I use the CmdArgs module all the time for all of my personal Haskell projects. CmdArgs is really the one-stop solution for all of your command-line option handling needs. Its “killer” feature is the ability to support multi-mode options (e.g., “myprog mode1 [mode1 options]”, “myprog mode2 [mode2 options]”, etc.). Unfortunately, not many people know about CmdArgs, it seems. So, I’m writing this post to help spread its popularity among fellow newbie/intermediate Haskellers. I’m including two sample programs — a traditional single-mode program, and a multi-mode program, for your tinkering pleasure. They are hereby released into the PUBLIC DOMAIN.
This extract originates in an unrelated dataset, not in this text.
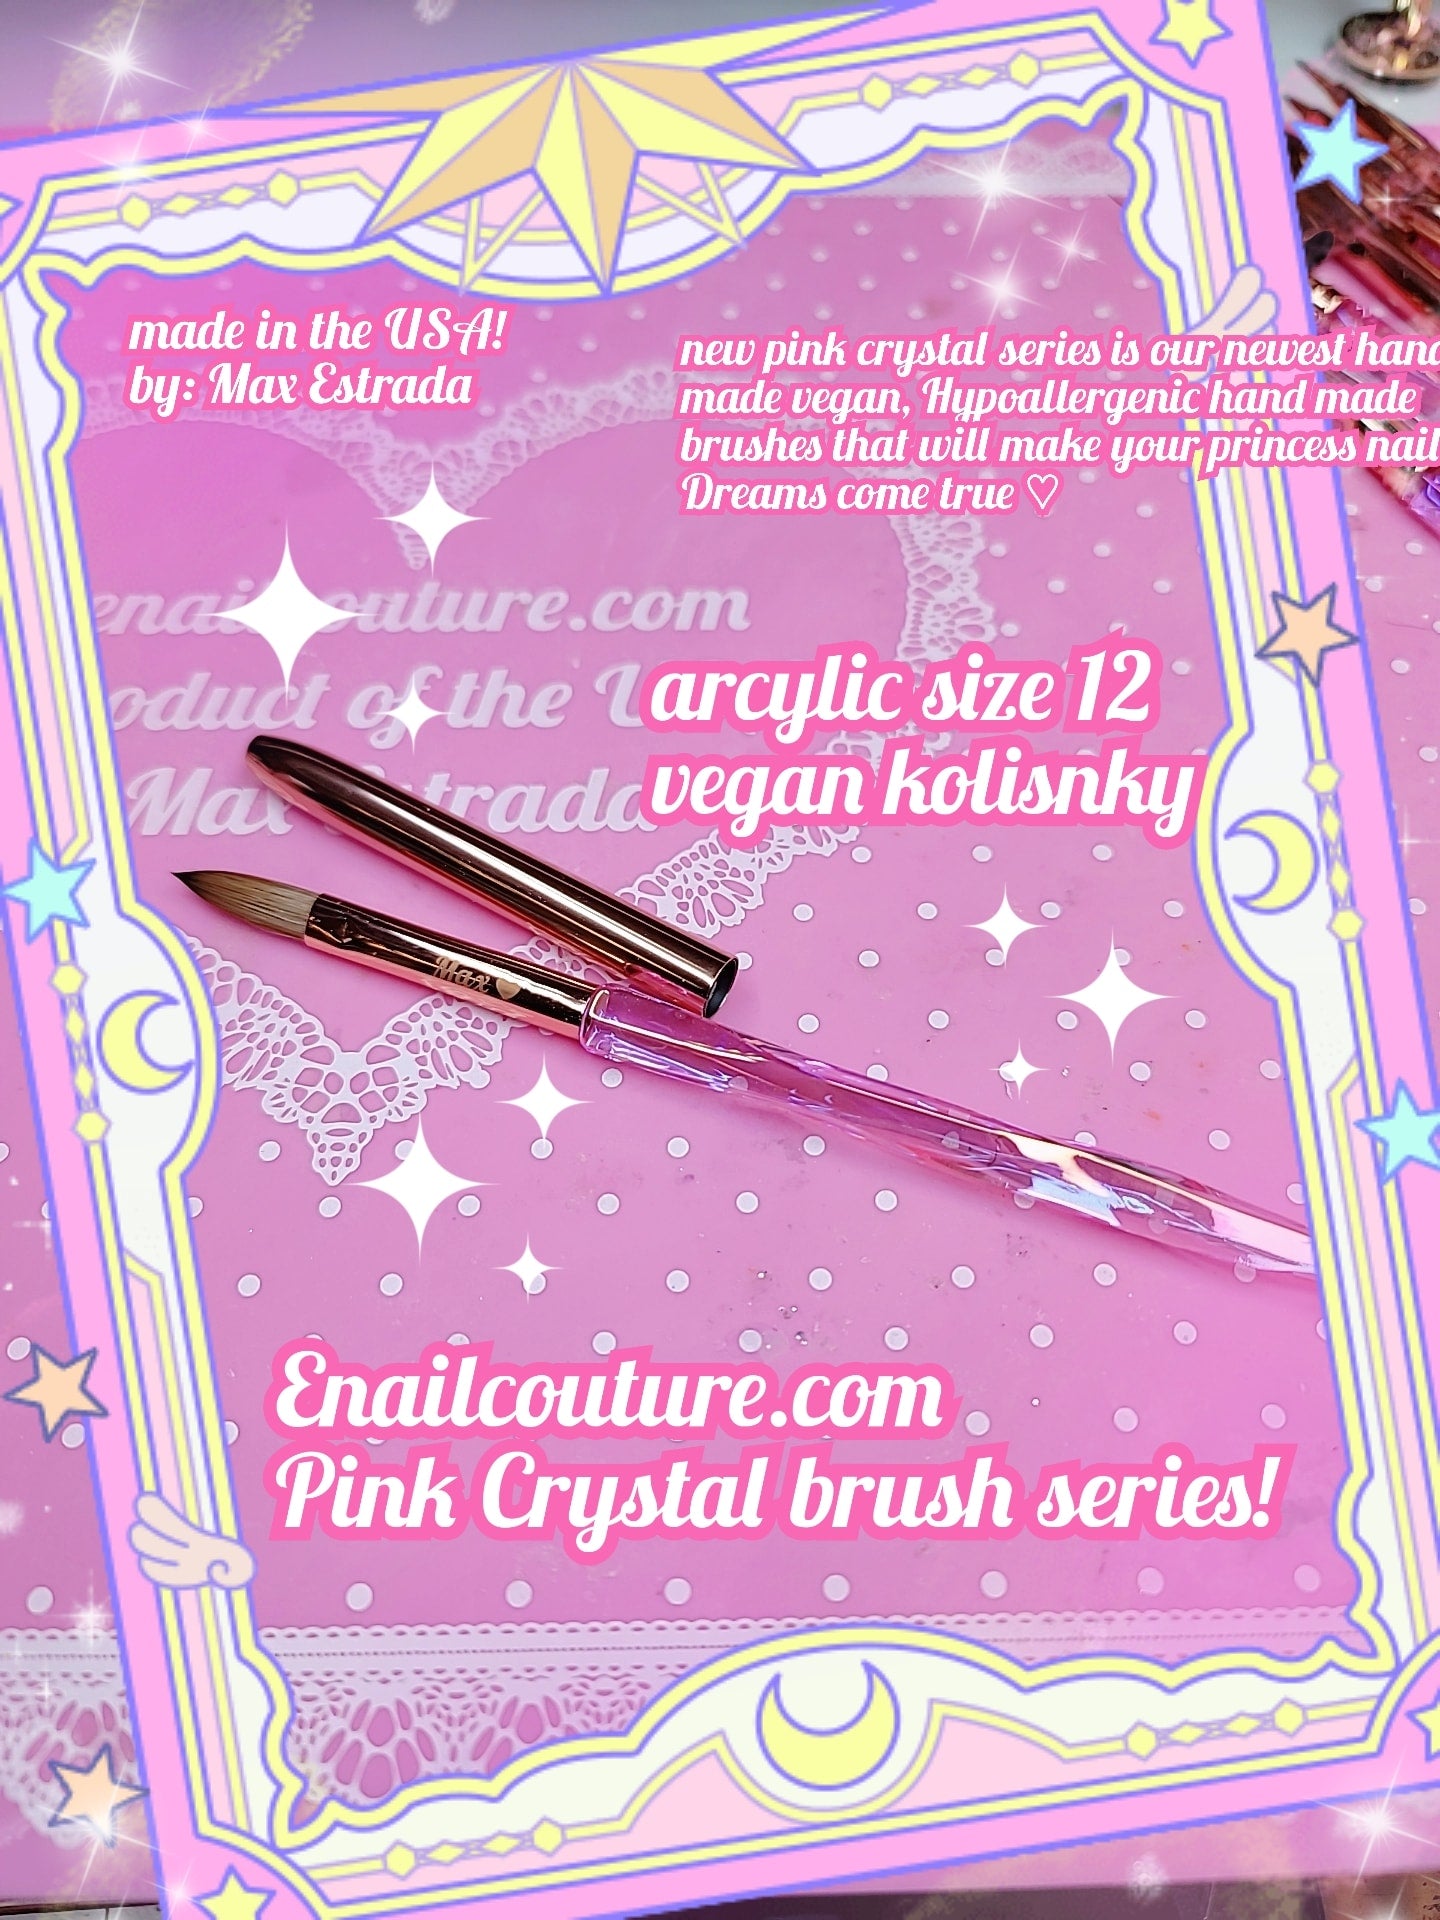 Pink Crystal art brush set (1 of each brush, 7 total)
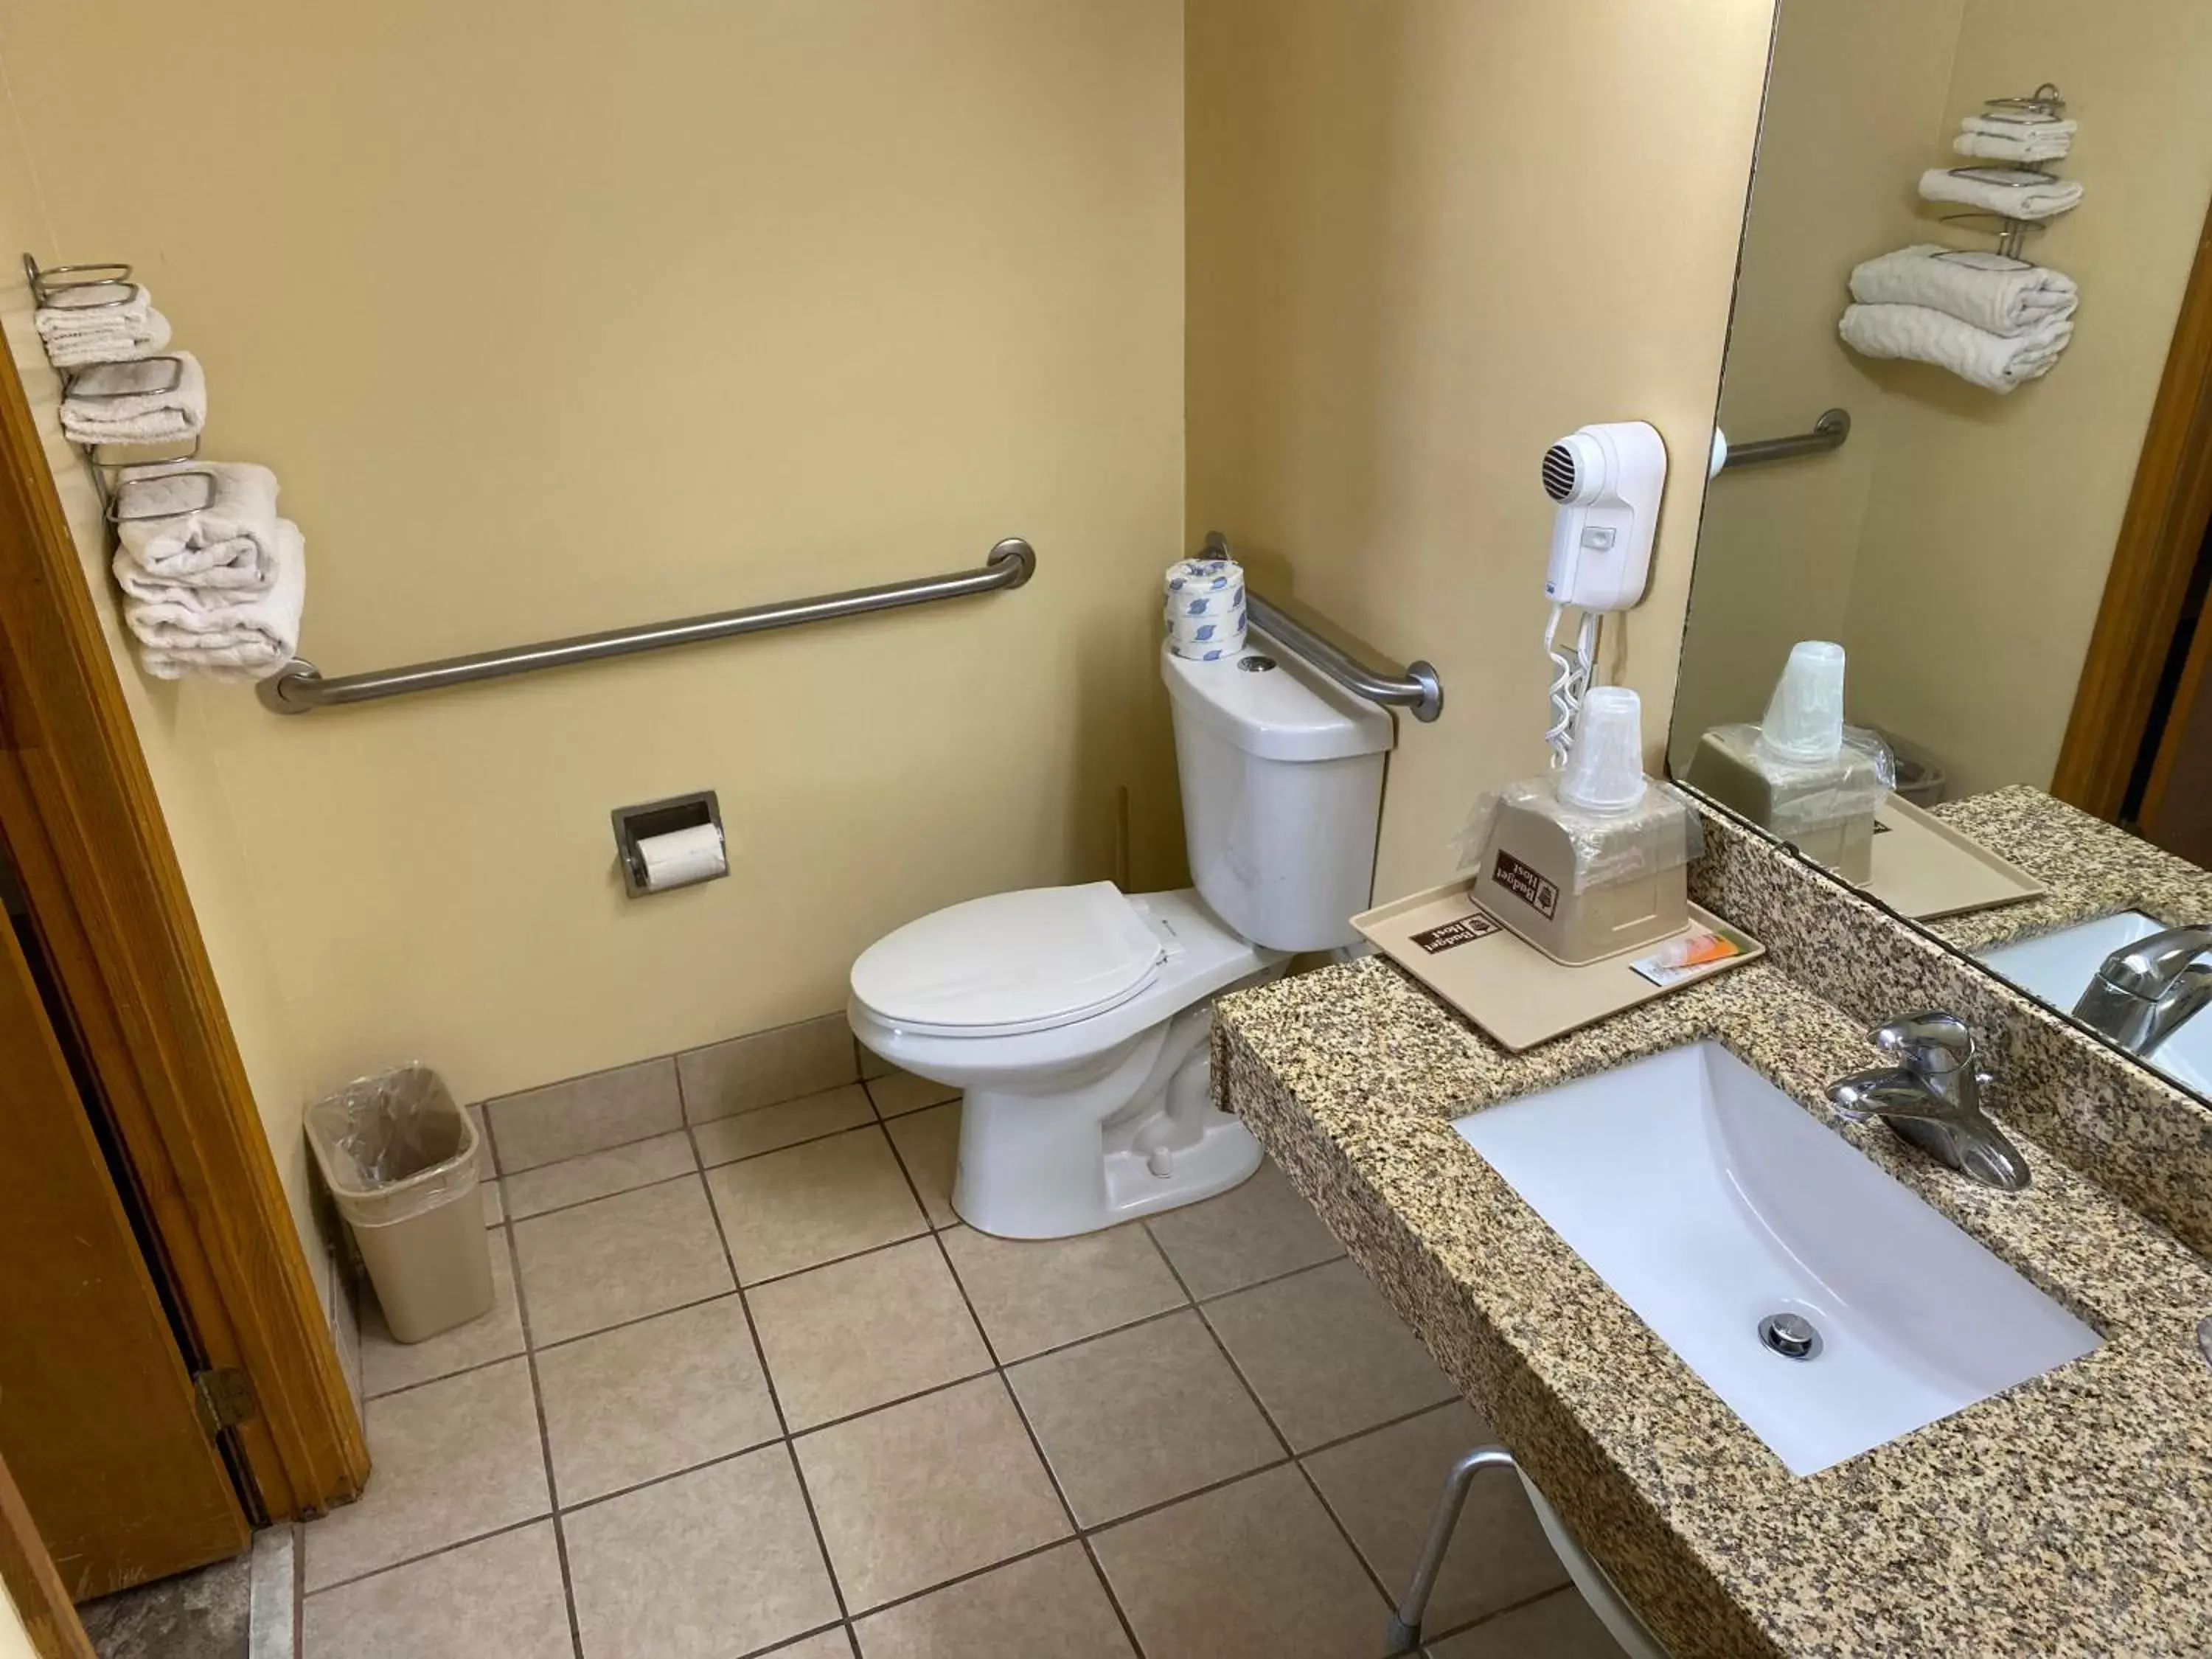 Bathroom in Budget Host Inn - Baxley

The following is a simple single-mode program, singleMode.hs.
-- singleMode.hs
-- License: PUBLIC DOMAIN
{-# LANGUAGE DeriveDataTypeable, RecordWildCards #-}
import System.Console.CmdArgs
import System.Environment (getArgs, withArgs)
import System.Exit
import Control.Monad (when)
data MyOptions = MyOptions
{ color :: Bool
, first_name :: String
, age :: Int
, directory :: FilePath
} deriving (Data, Typeable, Show, Eq)
-- Customize your options, including help messages, shortened names, etc.
myProgOpts :: MyOptions
myProgOpts = MyOptions
{ color = def &= help "use color"
, first_name = def &= help "your first name"
, age = def &= explicit &= name "g" &= name "age" &= help "your age"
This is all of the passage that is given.